Codenation test 21st july graph question help

avi130698 · July 26, 2019, 9:08am

Can someone provide the optimized way to solve this? I tried but got 8/16 and tle for rest.
this was my solution ans the question.

#include<bits/stdc++.h>
using namespace std;
int main() {
int t;
cin>>t;
while(t--){
    int n,m,x,i,j,u,v;
    cin>>n>>m>>x;
    vector<vector<int> > graph(n);
    for(i=0;i<m;i++){
        cin>>u>>v;
        graph[u-1].push_back(v-1);
    }
    vector<int> ans(n,0);
    queue<int> node;
    queue<int> h;
    vector<int> vis(n,0);
    node.push(x-1);
    h.push(1);

    while(!node.empty()){
        int y=node.front();
        node.pop();
        int w=h.front();
        h.pop();
        //cout<<y<<" | "<<w<<endl;
        if(w%2==0){
            ans[y]++;
        }
        for(i=0;i<graph[y].size();i++){
            node.push(graph[y][i]);
            h.push(w+1);
        }
    }
    //cout<<endl;
    for(i=0;i<n;i++){
        cout<<ans[i]<<" ";
    }
    cout<<endl;
}
return 0;
}

sarthakmanna · July 26, 2019, 10:04am

Start a bfs from node X. As you traverse, maintain two dp arrays dpOdd and dpEven. dpOdd[i] = Number of paths starting from X and ending at node i with odd number of vertices in the path. Same for the dpEven array.

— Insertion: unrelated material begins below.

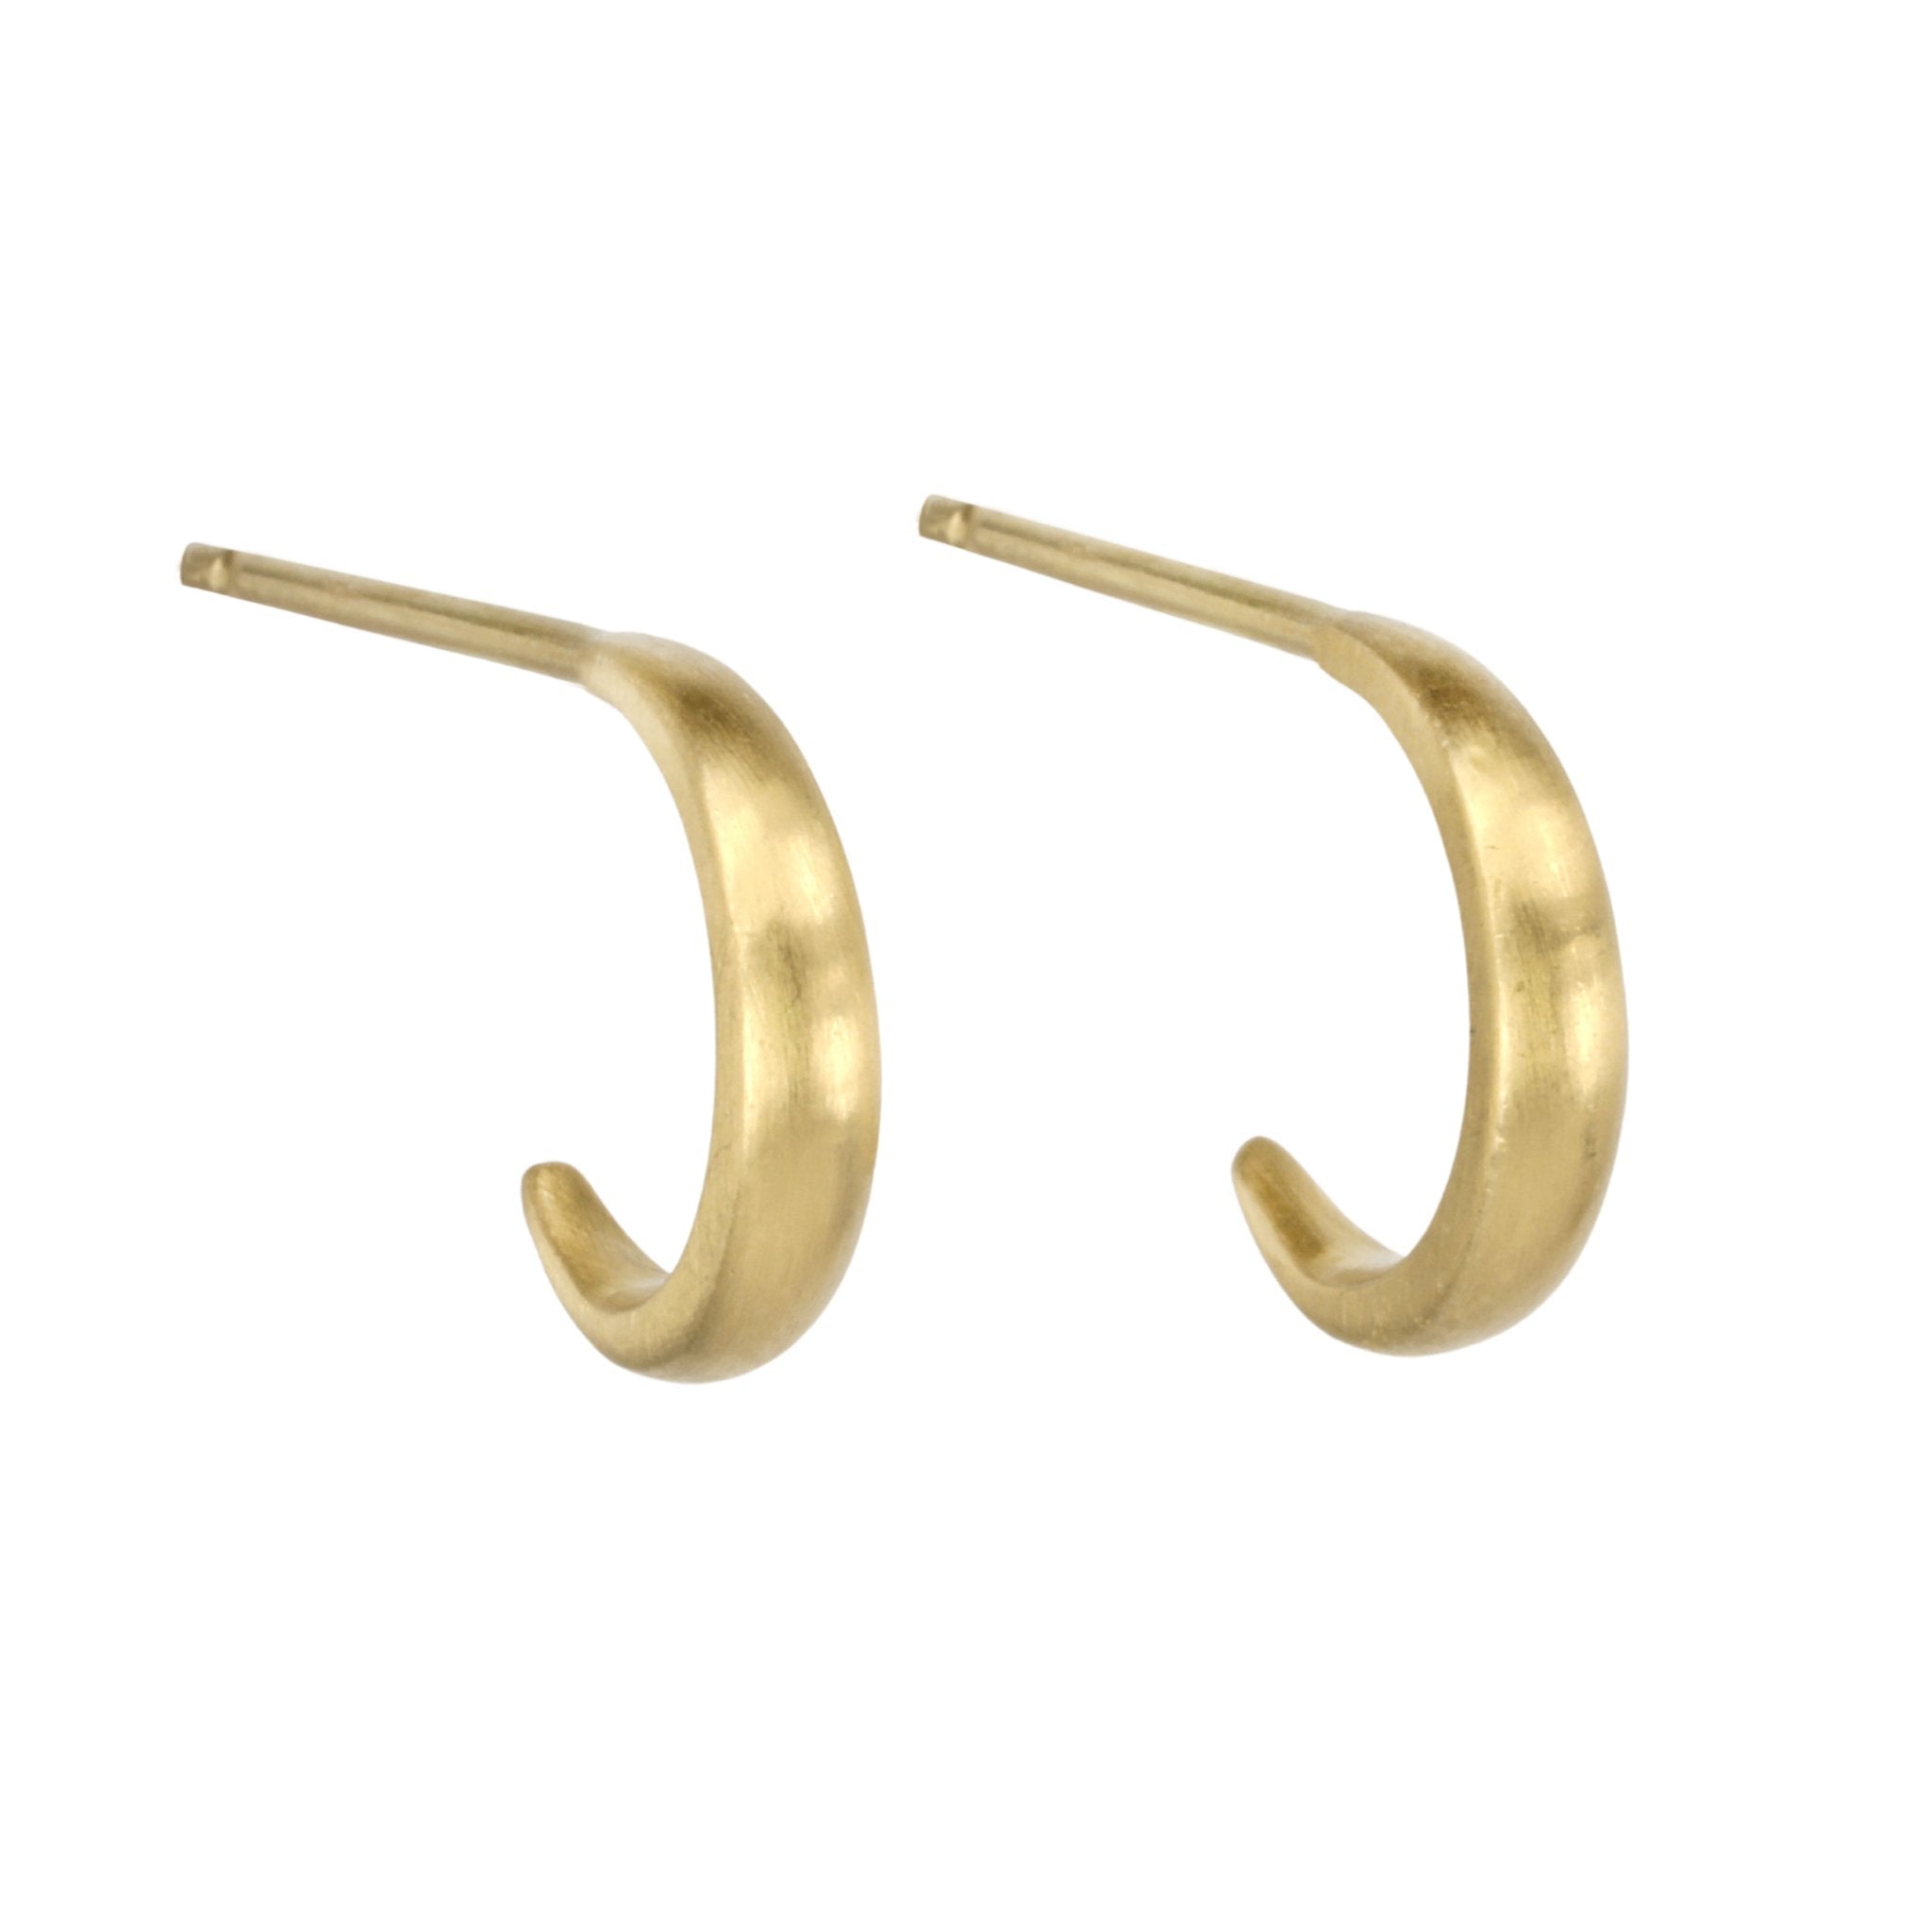 Small Gold Earrings, Tiny Gold Earring, Matte Gold, Little Top Earring, Small Simple Ear Hooks, Delicate Earring, 14K Solid Gold Hook Option 14K Solid

Now, as you travel from node i to j, the transition will be
dpOdd[j] += dpEven[i]; dpEven[j] += dpOdd[i]

Obviously, dpOdd[X] = 1; dpEven[X] = 0

Now the actual problem lies in the bfs traversal. You can never move from node i to node j unless the value of dpEven[i] and dpOdd[i] is finalised.

Also, you need to account for the nodes which are unreachable from X. My solution was to first remove the unreachable nodes. You can do it in other ways too.